I was lucky enough to have with me a collection of Beatles LPs that were played in the classroom and I also remember having singles like Pinball Wizard/The Who and Fleetwood Mac/Albatross. I remember by pure luck turning the radio, sorry, wireless, on any tuning to a station to find they were playing the whole of the Beatles album after Sgt Pepper 'The Beatles' or know more commonly as The White Album.
There was a television that I remember we all watched Winston Churchill's funeral on in the Hall but that may have been Duncan's telly brought in specially. I do remember watching the landing on the moon in Mr Fawcett's room.

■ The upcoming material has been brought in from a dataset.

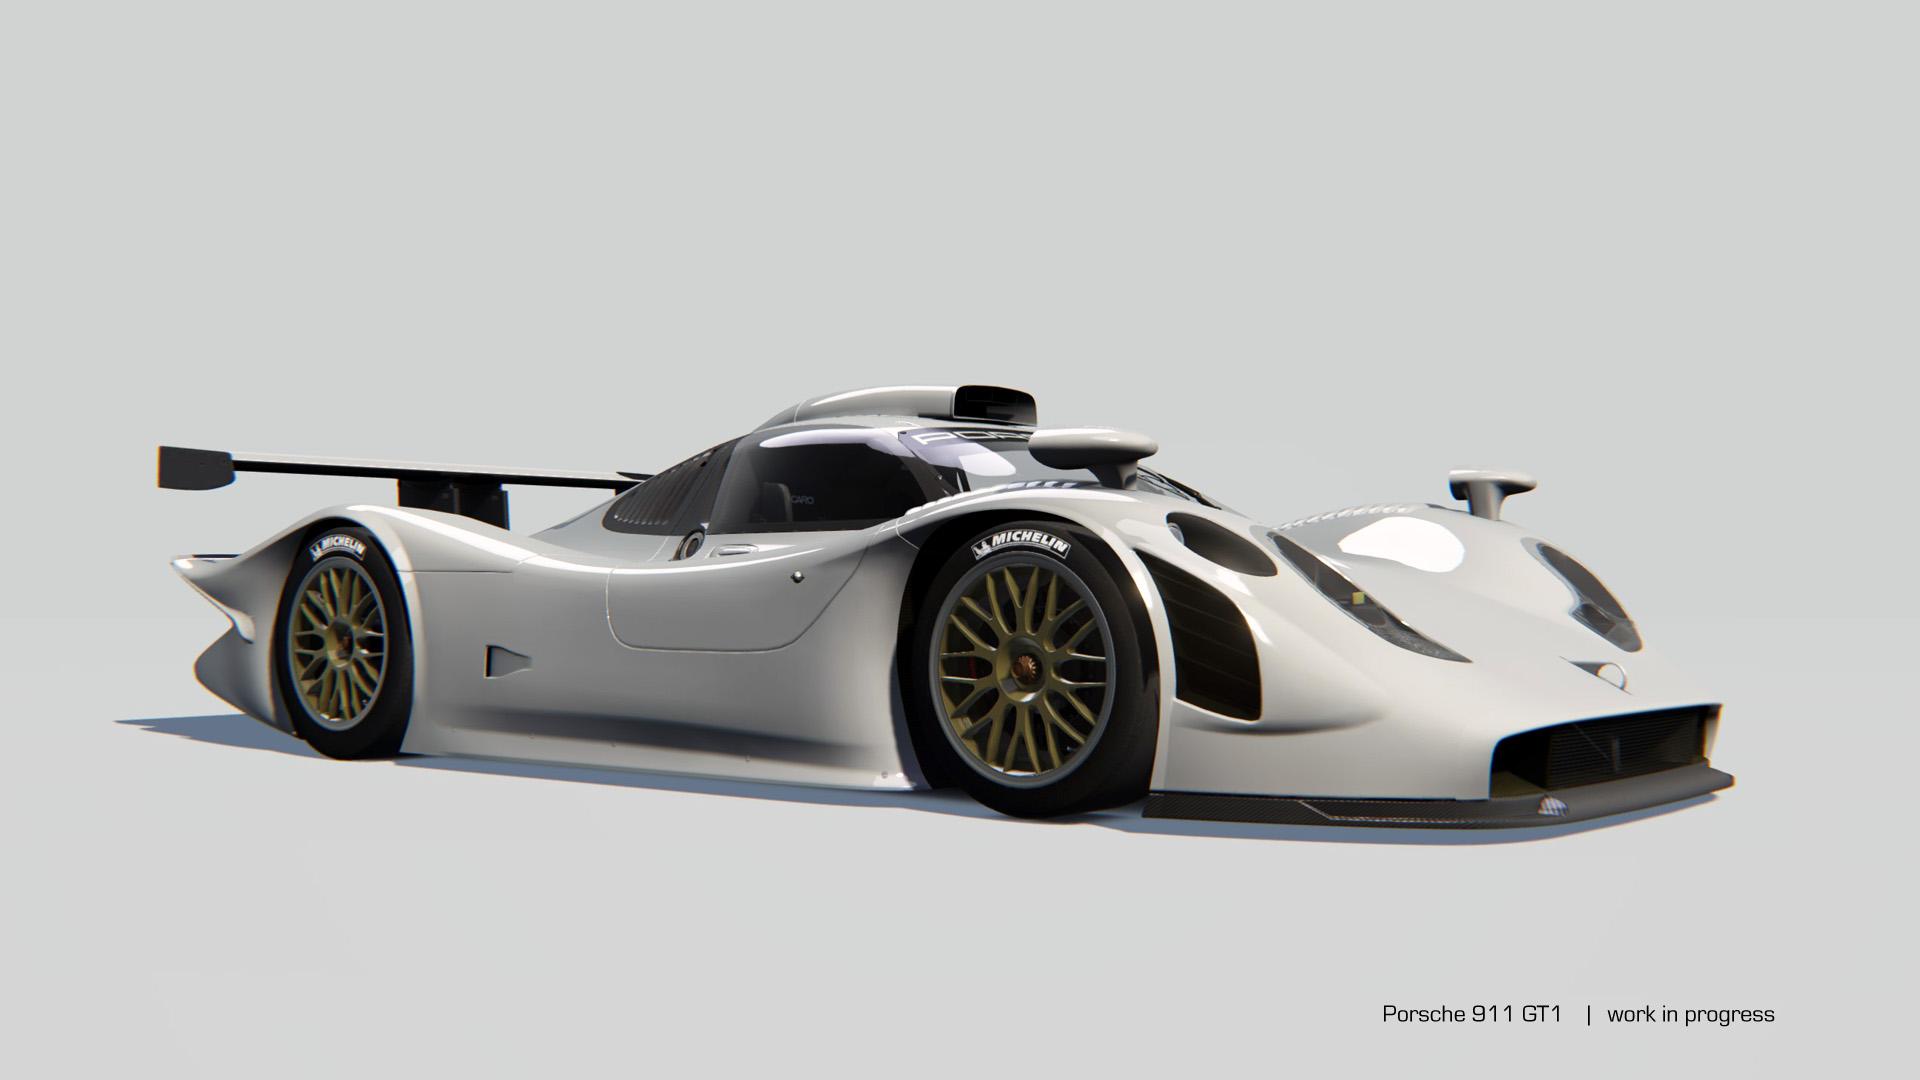 Tři DLC přidají vozy Porsche do Assetto Corsa 132680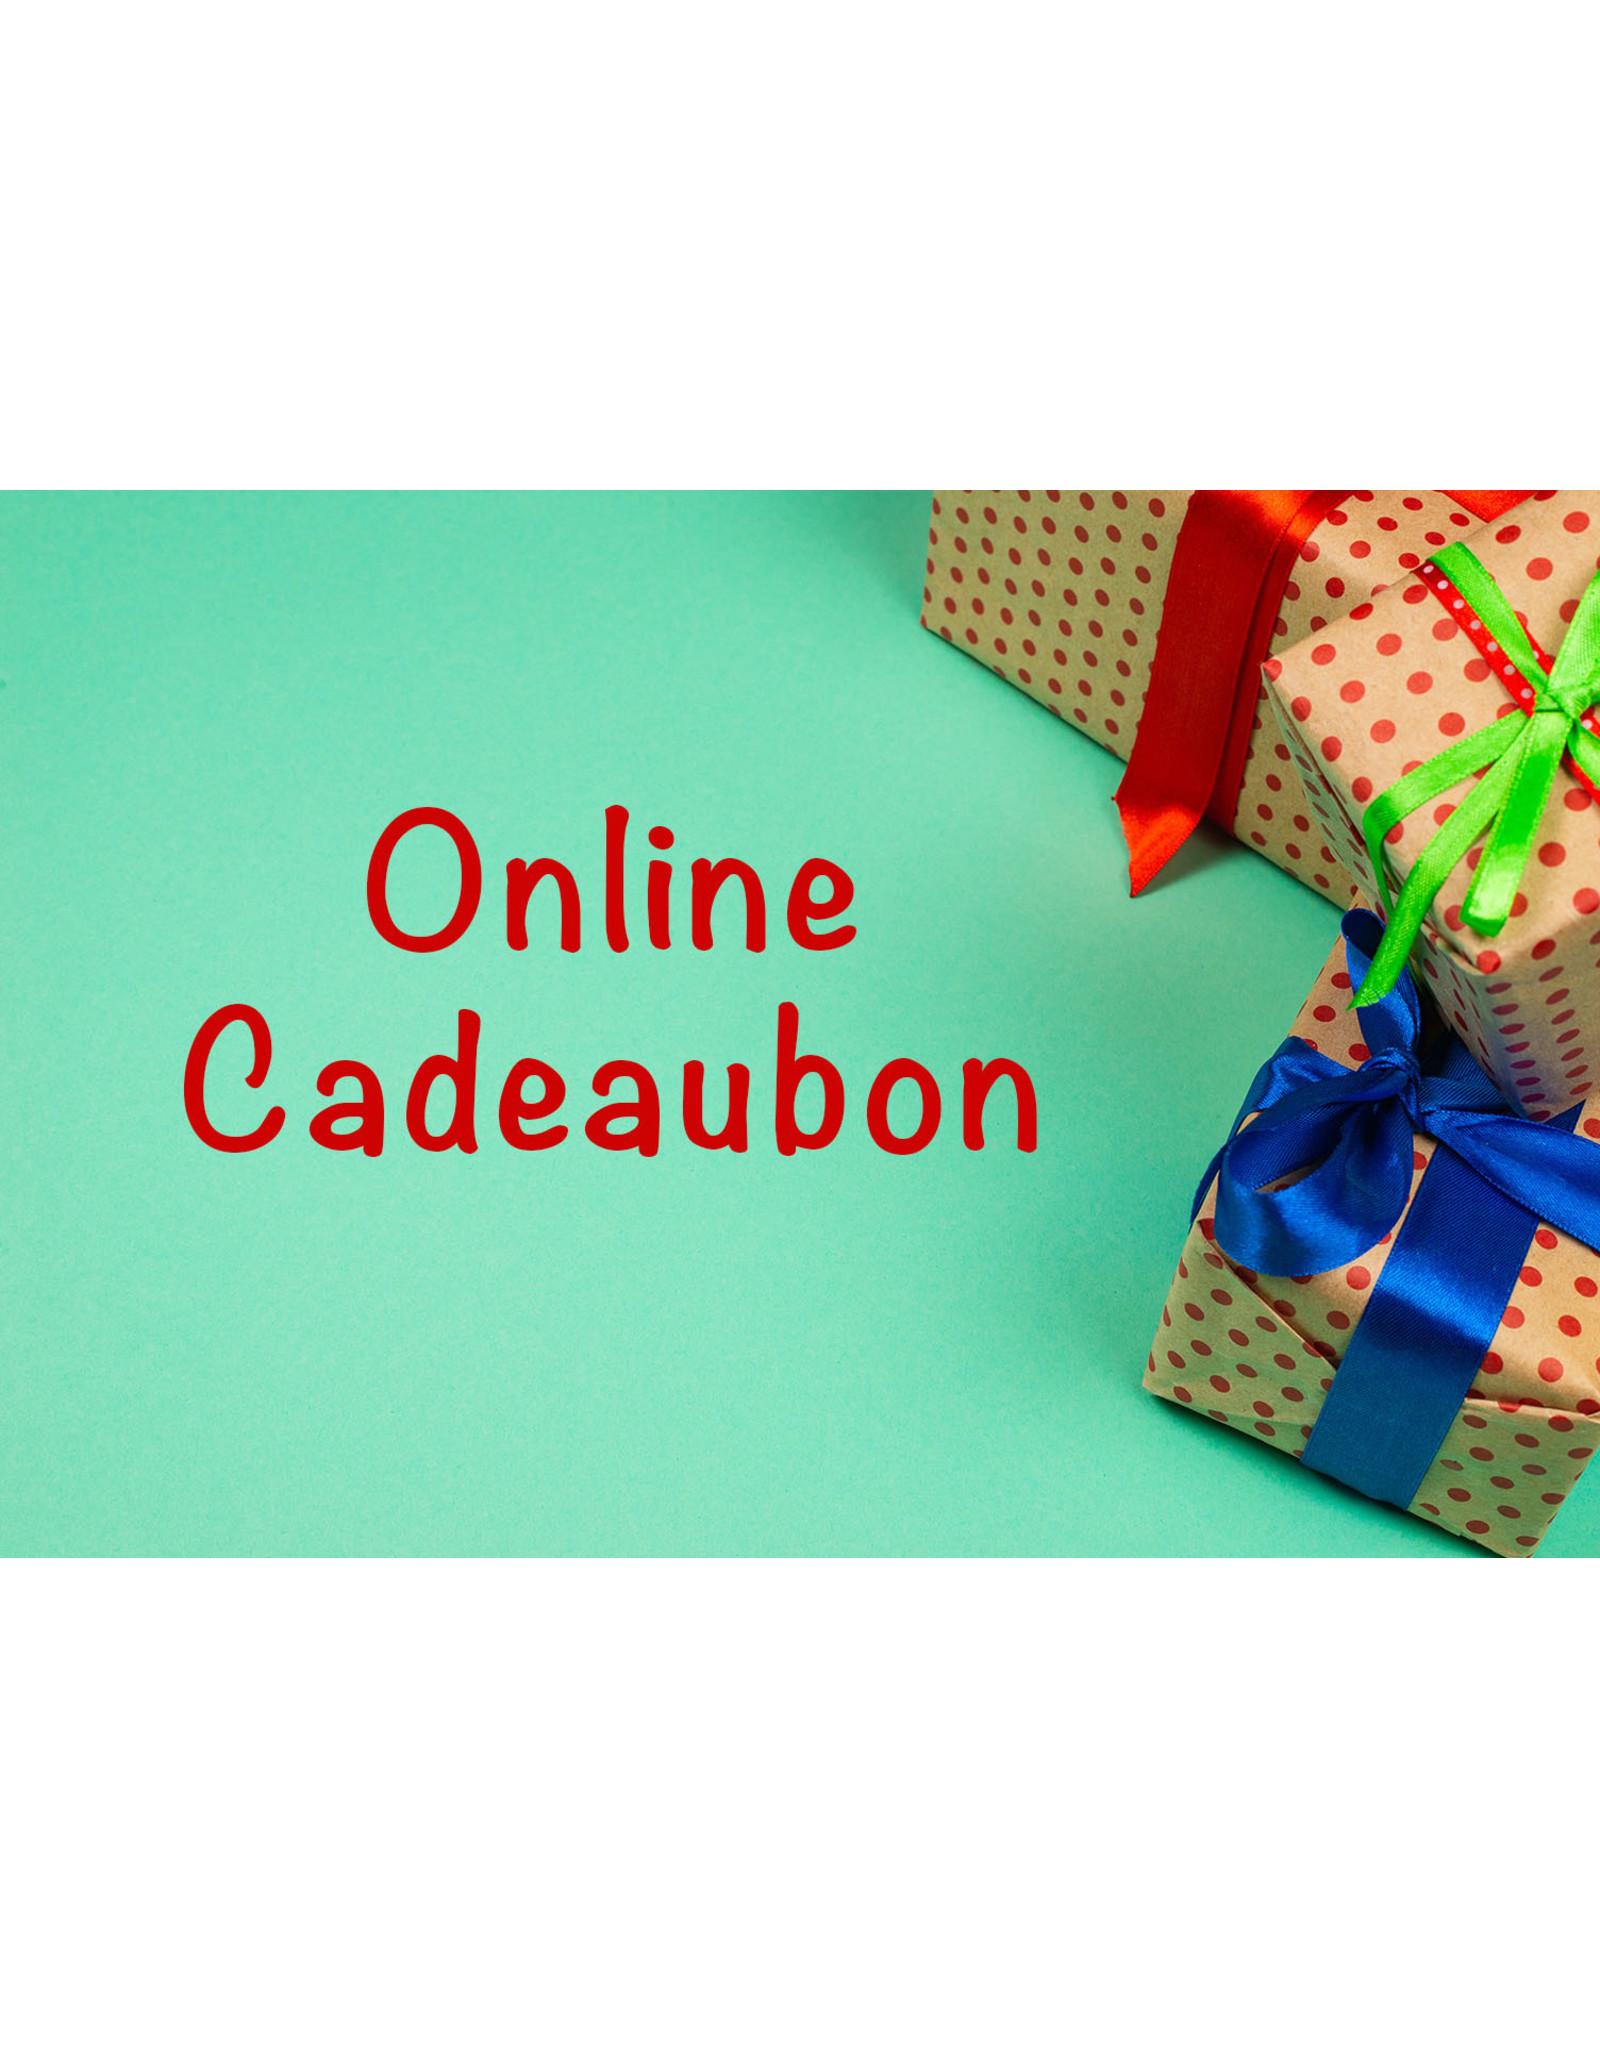 Cadeaubon - Online

And there were the films shown by Mr Cockshot (or Cockshoot) in the hall and being able to get a cuddle/hold hands with the Matron, Mair Hughes.
Reading the 1950 Notes talks about Mr Fawcett joining the staff and how he looks after the boys pocket money and we lined up on a Friday to tell him what we wanted him to buy down town and hoped that what he came back with somehow resembled what you had asked for!